2026-04-27 09:44:02 +00:00 · 2024-07-15 19:07:41 -06:00
parent e4558dff4b
commit 58dffd43a8
7 changed files with 90 additions and 34 deletions
--- a/toolkit/models/te_adapter.py
+++ b/toolkit/models/te_adapter.py
@@ -243,7 +243,7 @@ class TEAdapter(torch.nn.Module):
        self.embeds_store = []
        is_pixart = sd.is_pixart

-        if self.adapter_ref().config.text_encoder_arch == "t5":
+        if self.adapter_ref().config.text_encoder_arch == "t5" or self.adapter_ref().config.text_encoder_arch == "pile-t5":
            self.token_size = self.te_ref().config.d_model
        else:
            self.token_size = self.te_ref().config.target_hidden_size
@@ -388,13 +388,25 @@ class TEAdapter(torch.nn.Module):
        # ).input_ids.to(te.device)
        # outputs = te(input_ids=input_ids)
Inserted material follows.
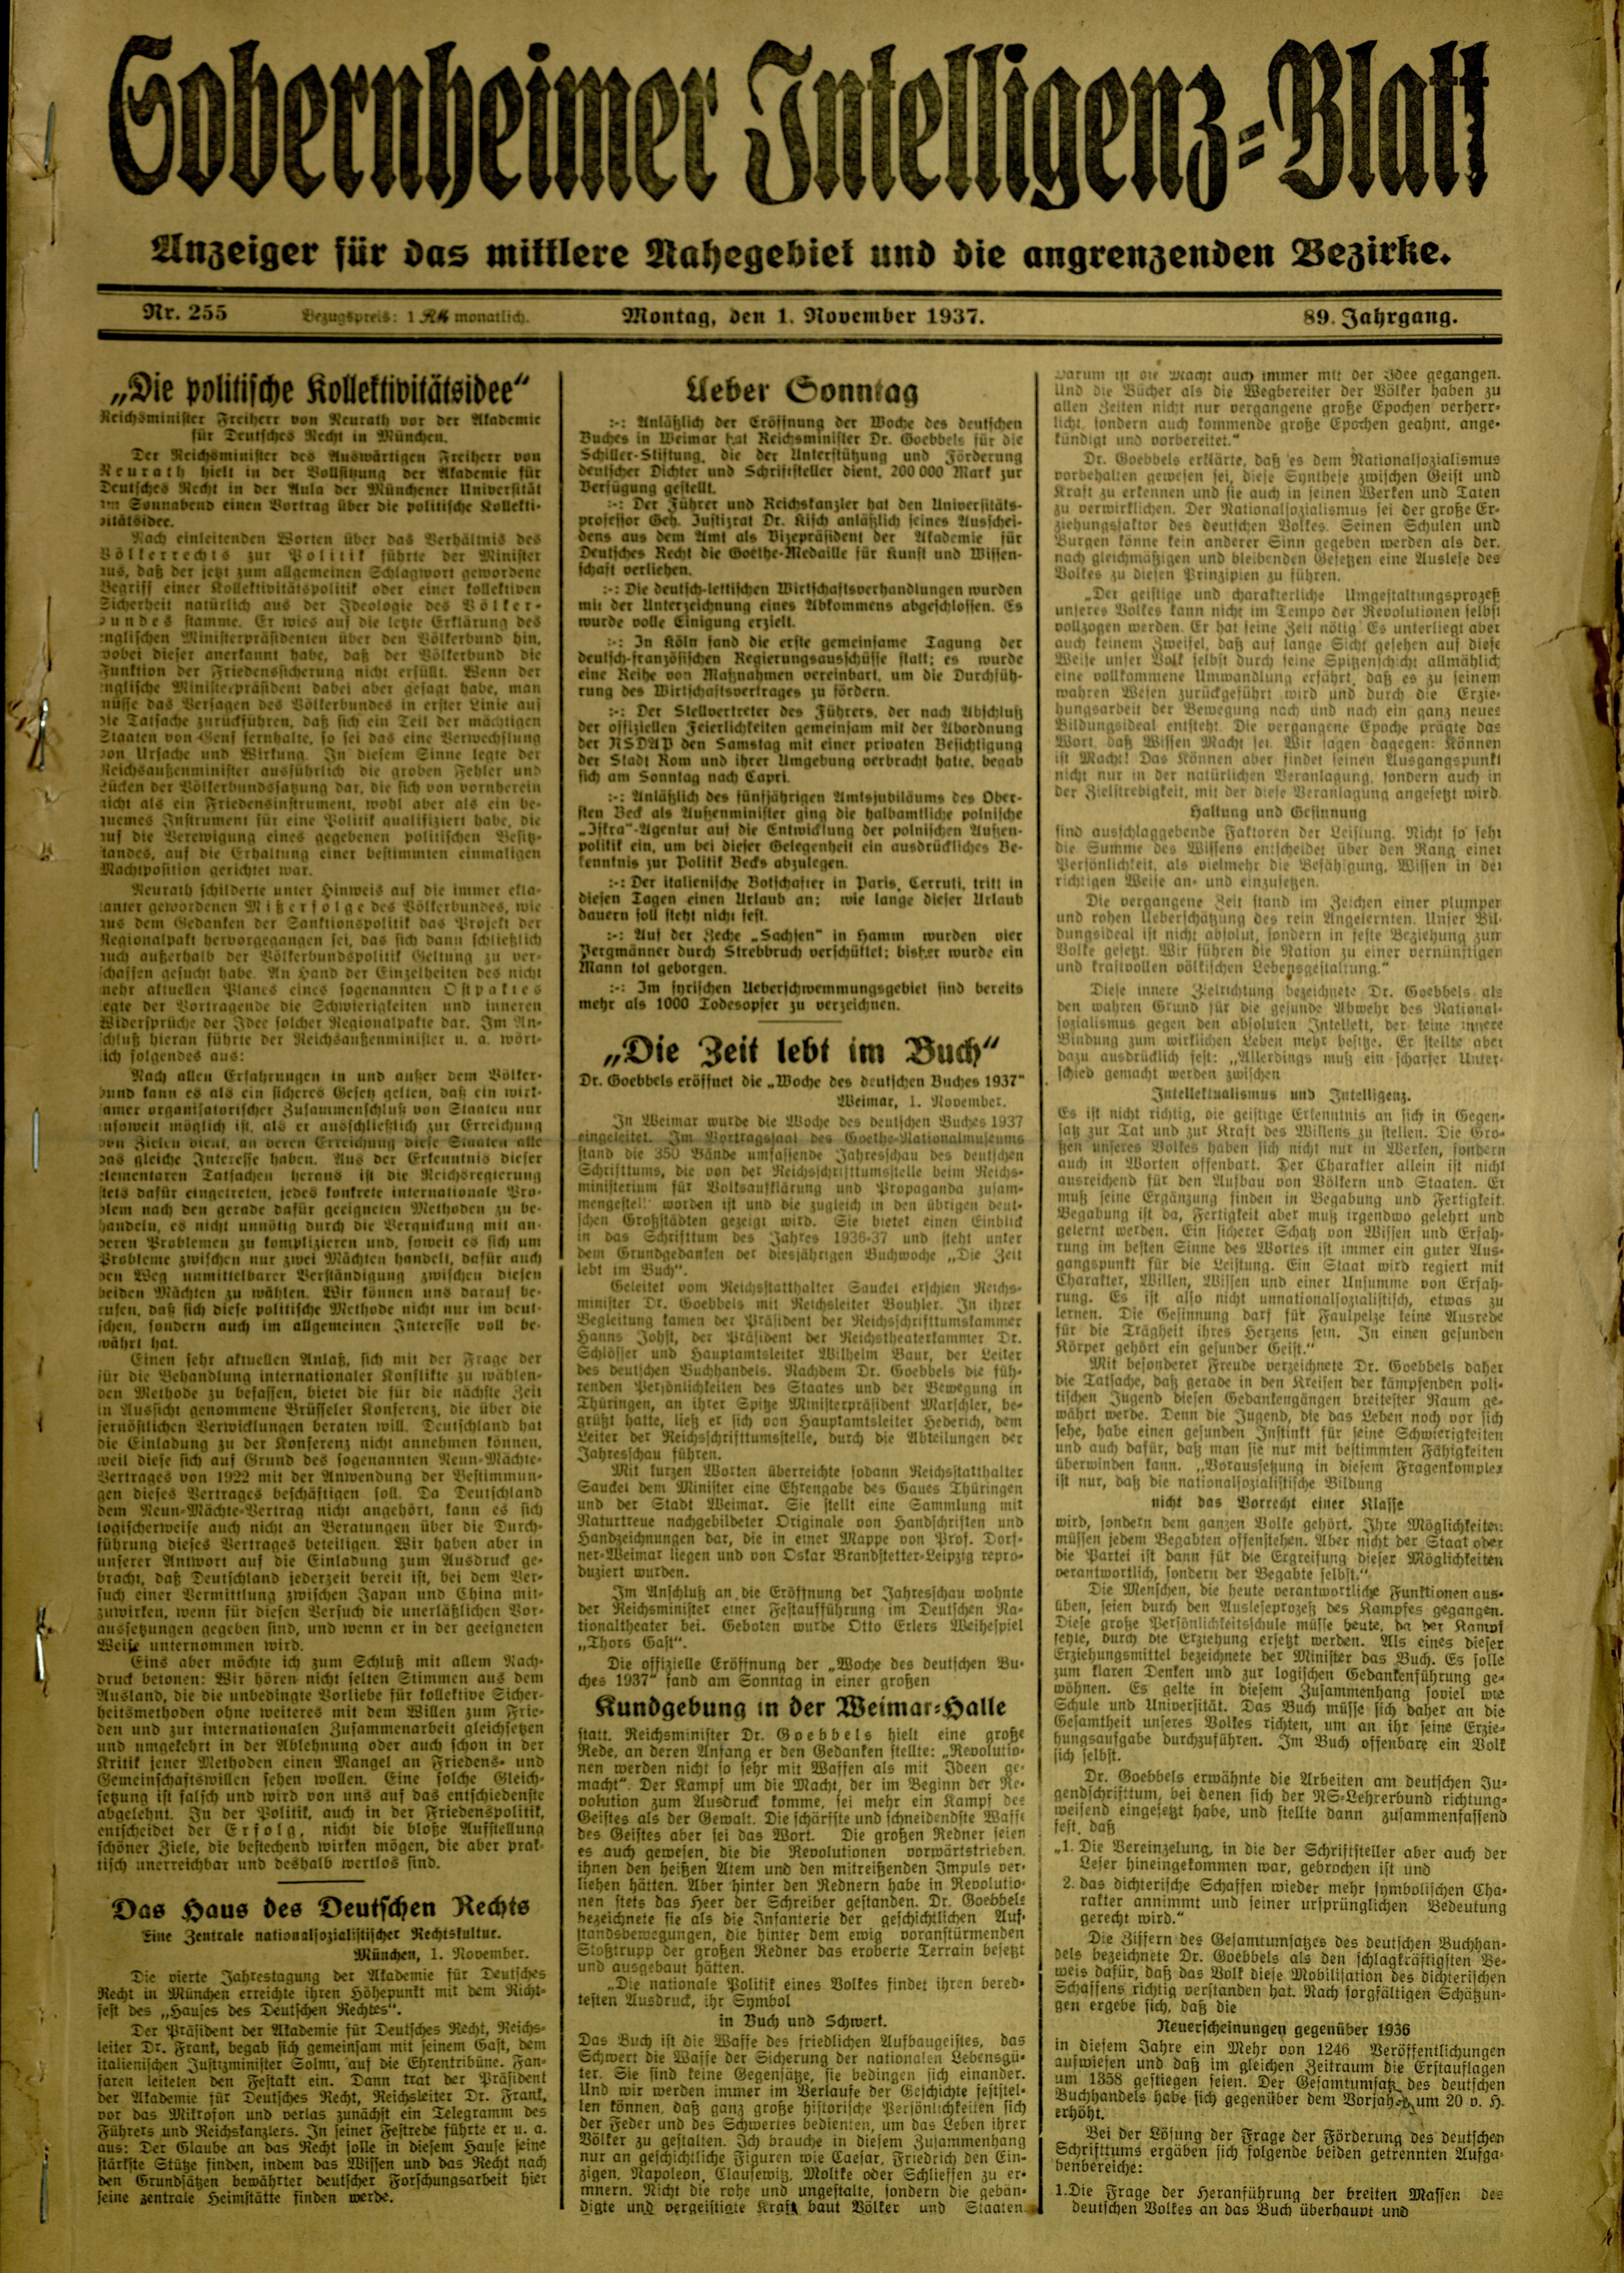 Zeitung: Sobernheimer Intelligenzblatt; November 1937, Jg. 88 Nr. 255 (Heimatmuseum Bad Sobernheim CC BY-NC-SA)

        # outputs = outputs.last_hidden_state
-        embeds, attention_mask = train_tools.encode_prompts_pixart(
-            tokenizer,
-            te,
-            text,
-            truncate=True,
-            max_length=self.adapter_ref().config.num_tokens,
-        )
+
+        if self.adapter_ref().config.text_encoder_arch == "pile-t5":
+            # just use aura pile
+            embeds, attention_mask = train_tools.encode_prompts_auraflow(
+                tokenizer,
+                te,
+                text,
+                truncate=True,
+                max_length=self.adapter_ref().config.num_tokens,
+            )
+
+        else:
+            embeds, attention_mask = train_tools.encode_prompts_pixart(
+                tokenizer,
+                te,
+                text,
+                truncate=True,
+                max_length=self.adapter_ref().config.num_tokens,
+            )
        attn_mask_float = attention_mask.to(embeds.device, dtype=embeds.dtype)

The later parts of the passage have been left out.